ACTIVITY
Restate, word for word, the run of lines that starts at the line containing "酒店旁邊的水上樂園 - 布吉 SPLASH JUNGLE 熱帶叢林水上樂園" and ends with the final line of the listing. Leave pictures out.

SUPPLIED MATERIAL
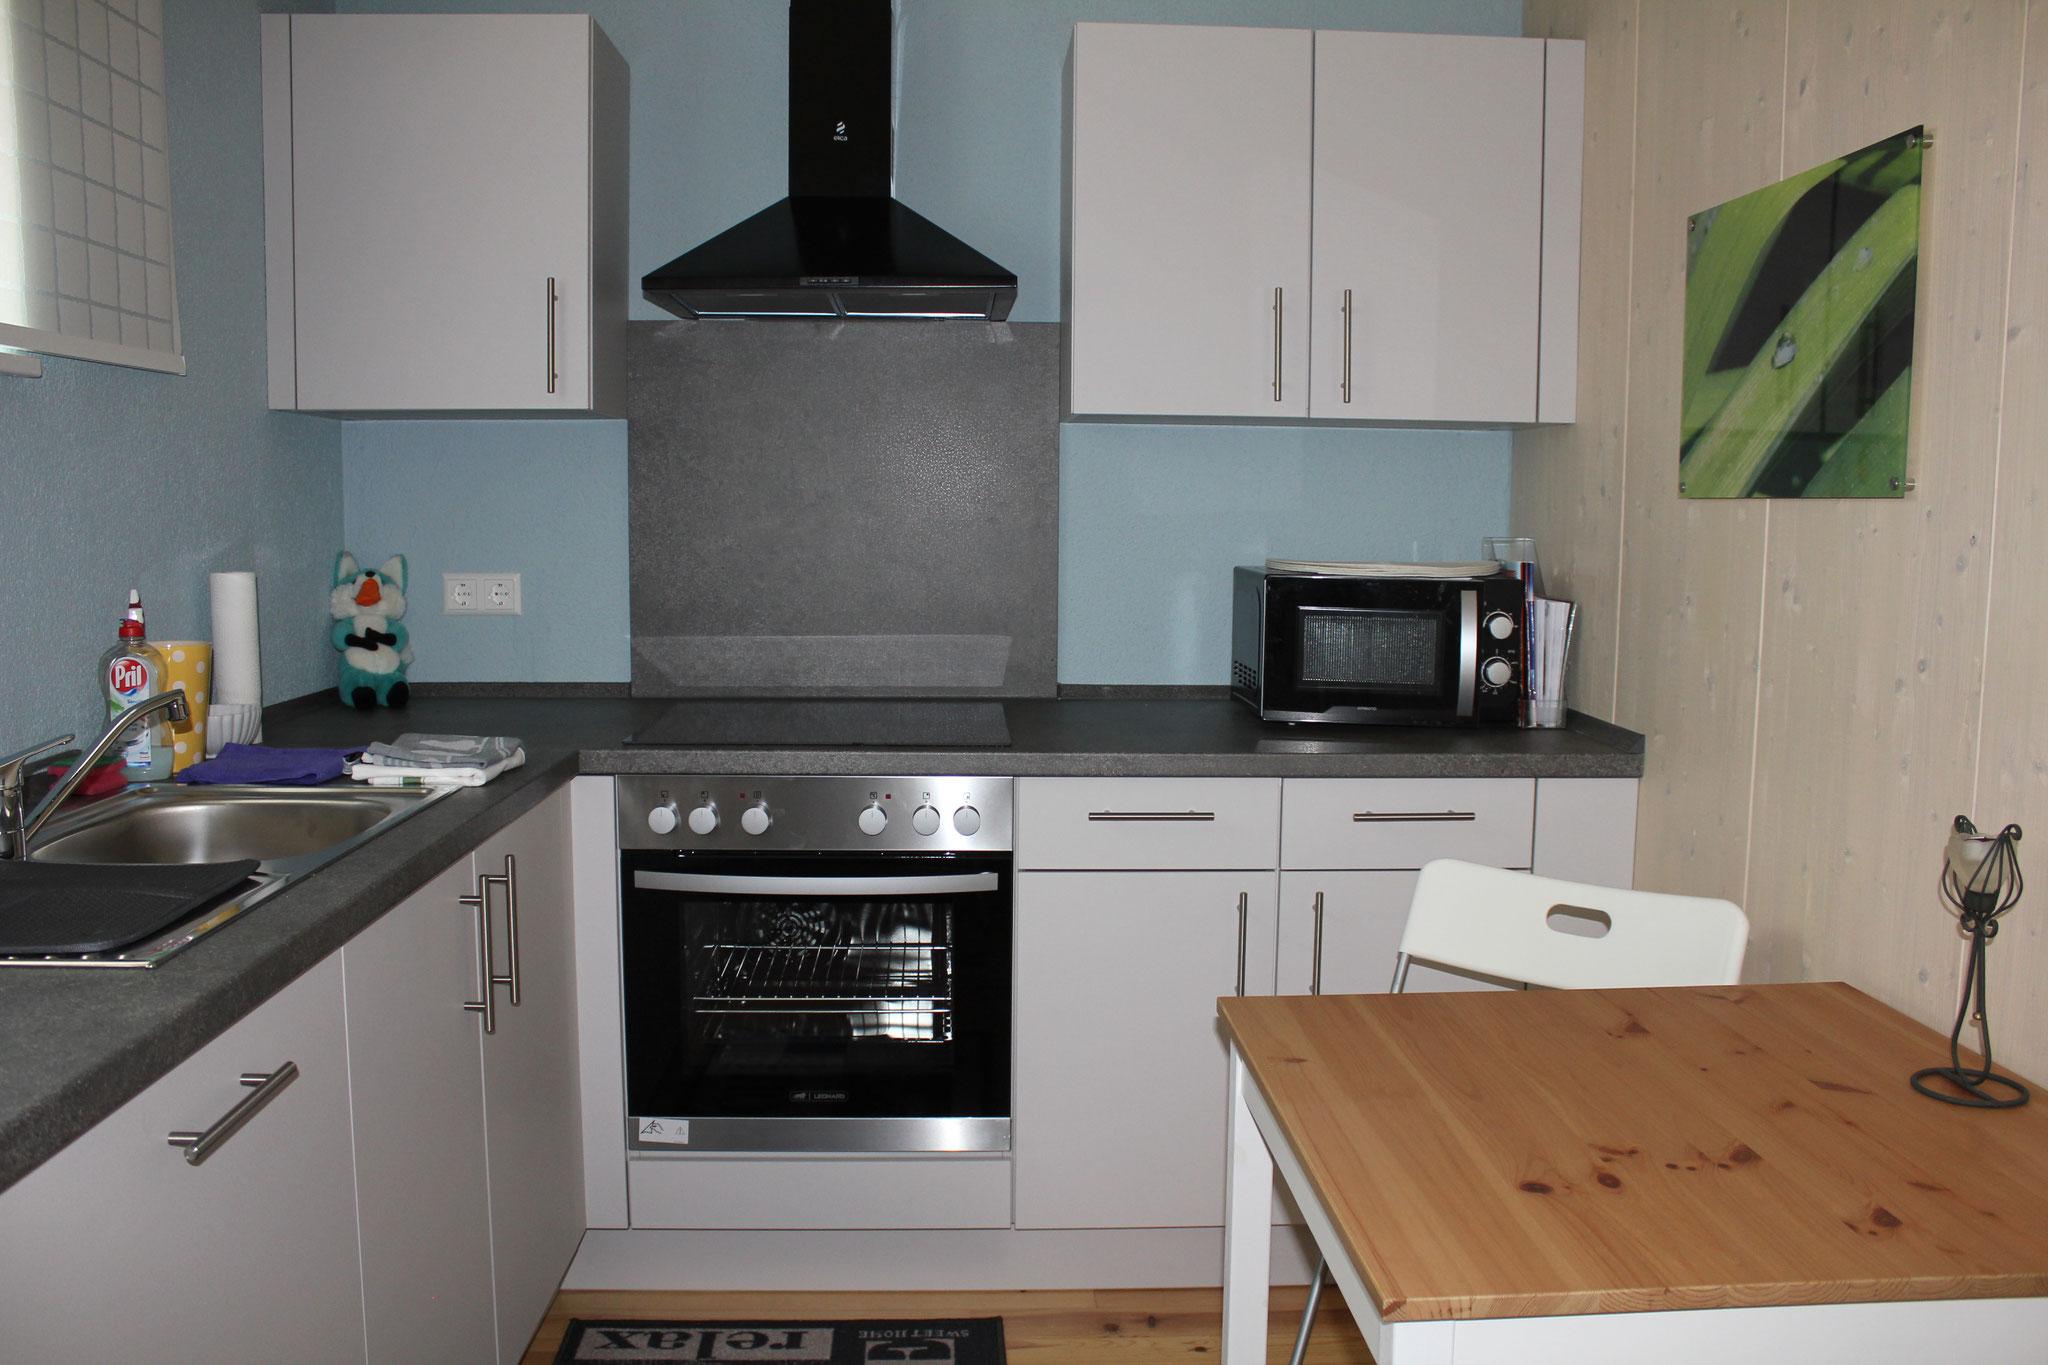 Küche mit Herd, Microwelle, üppige Ausstattung mit Küchenzubehör/ Kitchen with stove, microwave, generous equipment with kitchen accessories
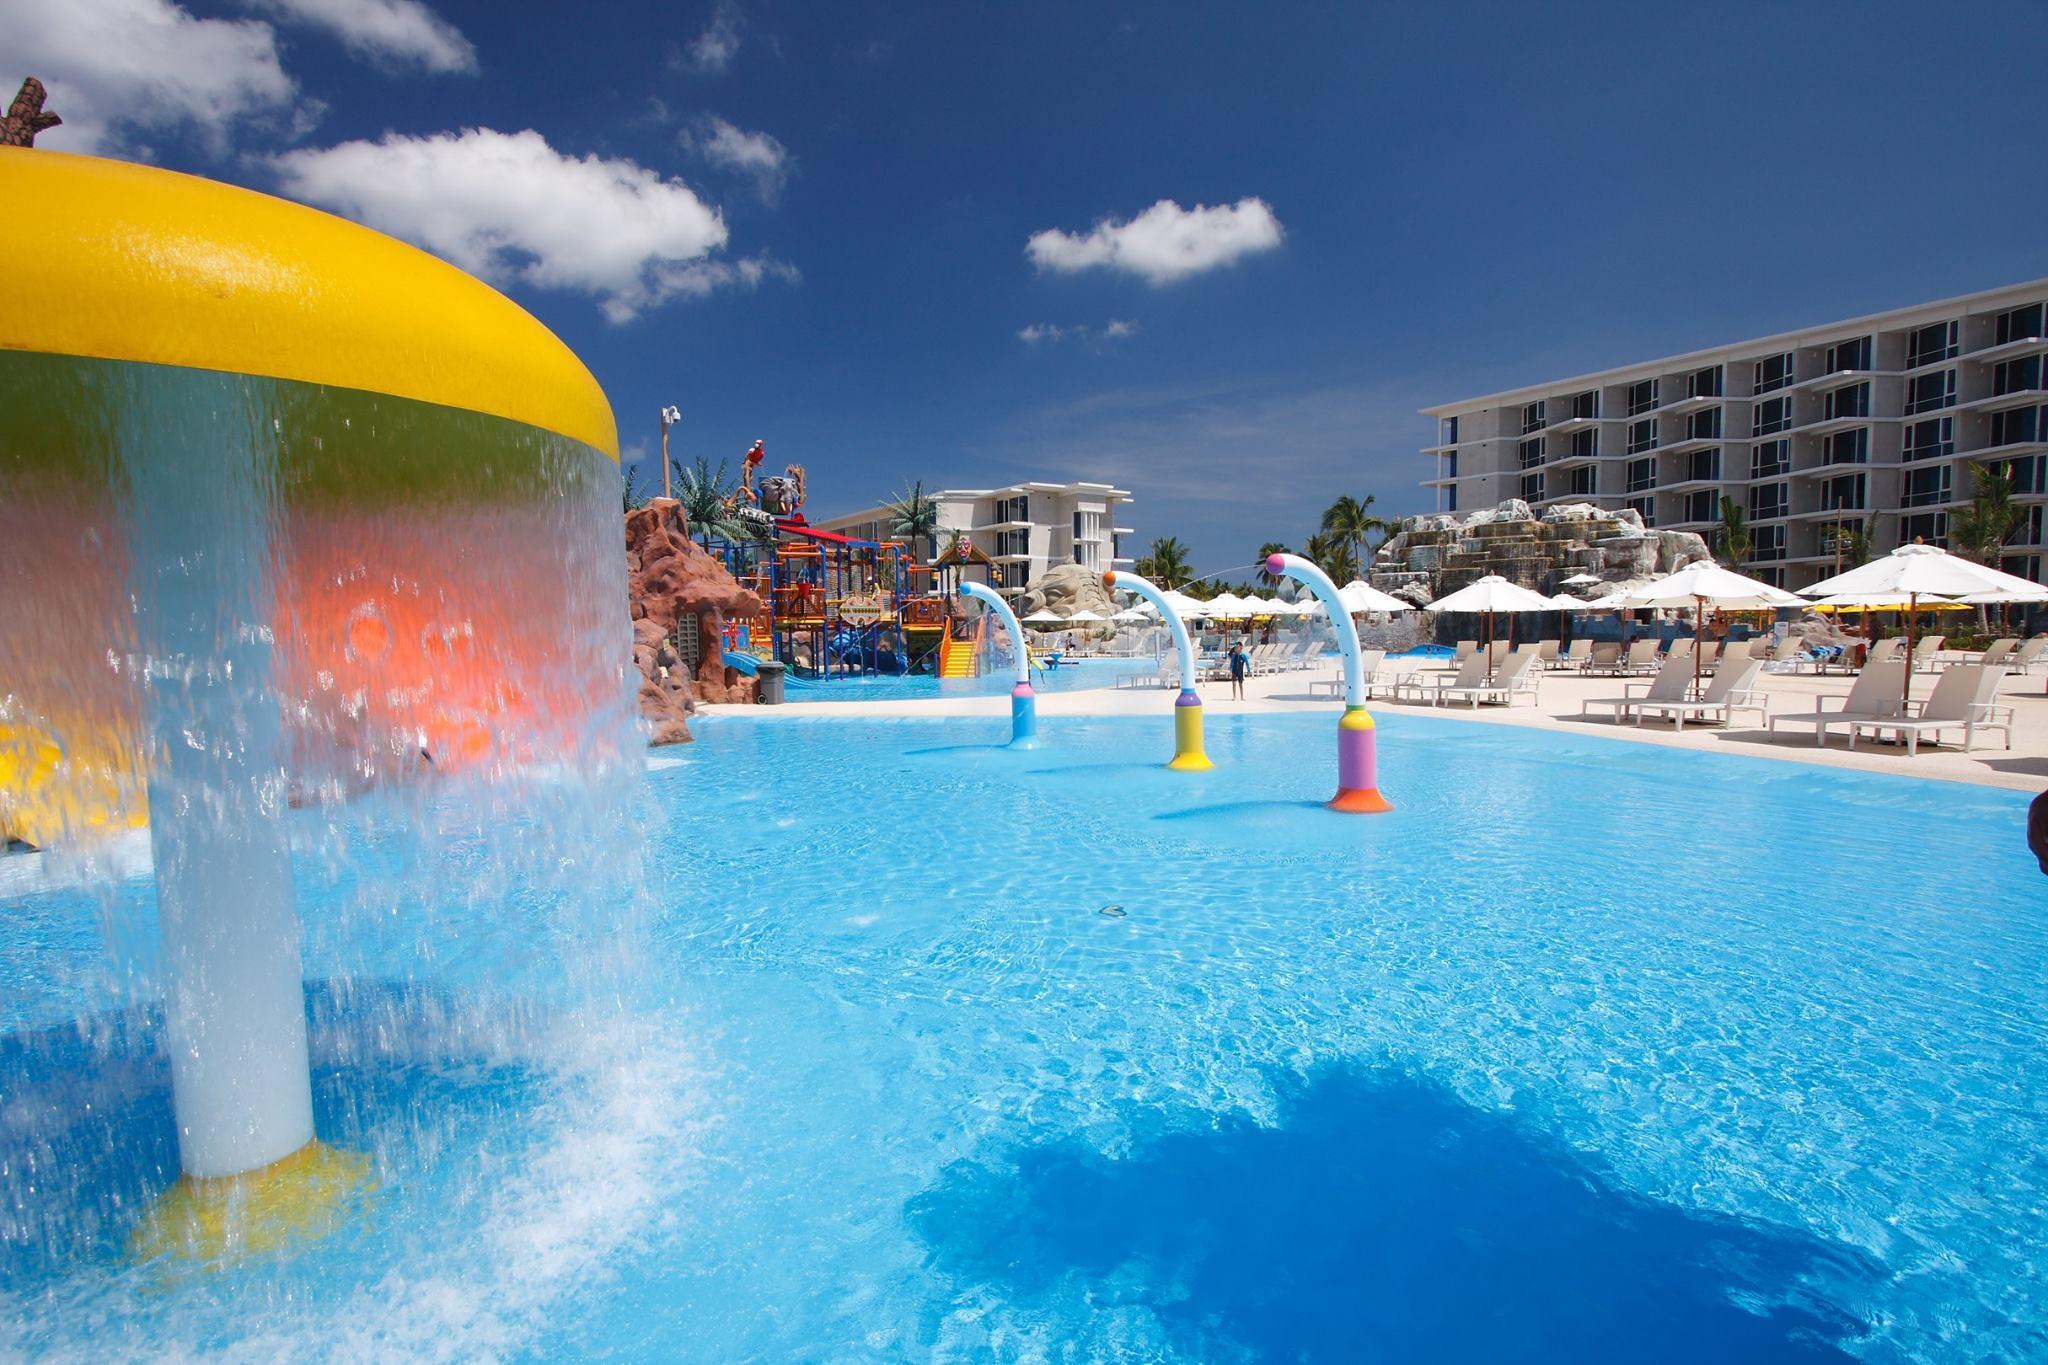 酒店旁邊的水上樂園 - 布吉 SPLASH JUNGLE 熱帶叢林水上樂園
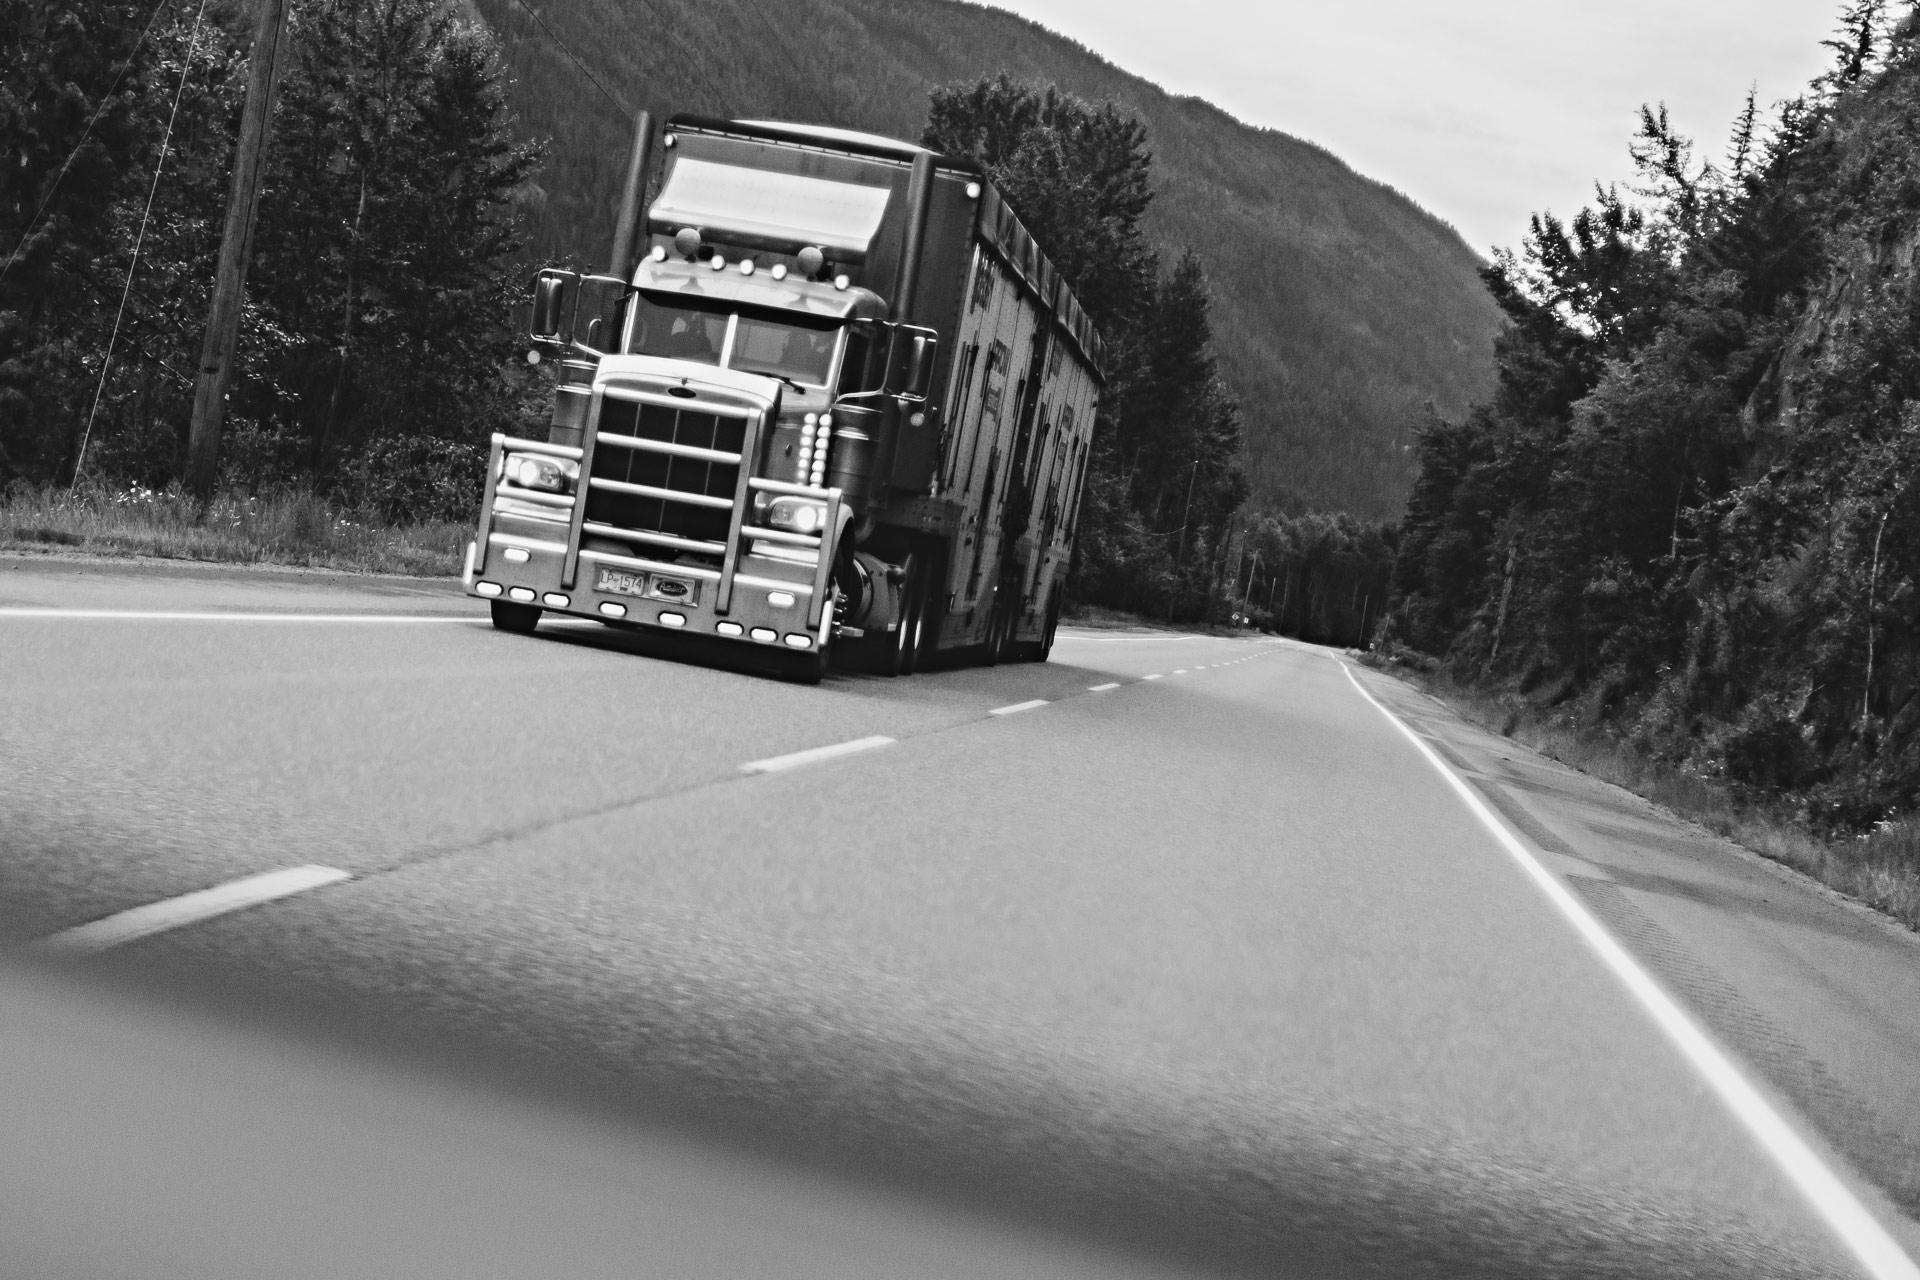 Camion Colombie-Britannique Canada

COMPLETED TASK
 酒店旁邊的水上樂園 - 布吉 SPLASH JUNGLE 熱帶叢林水上樂園
 Camion Colombie-Britannique Canada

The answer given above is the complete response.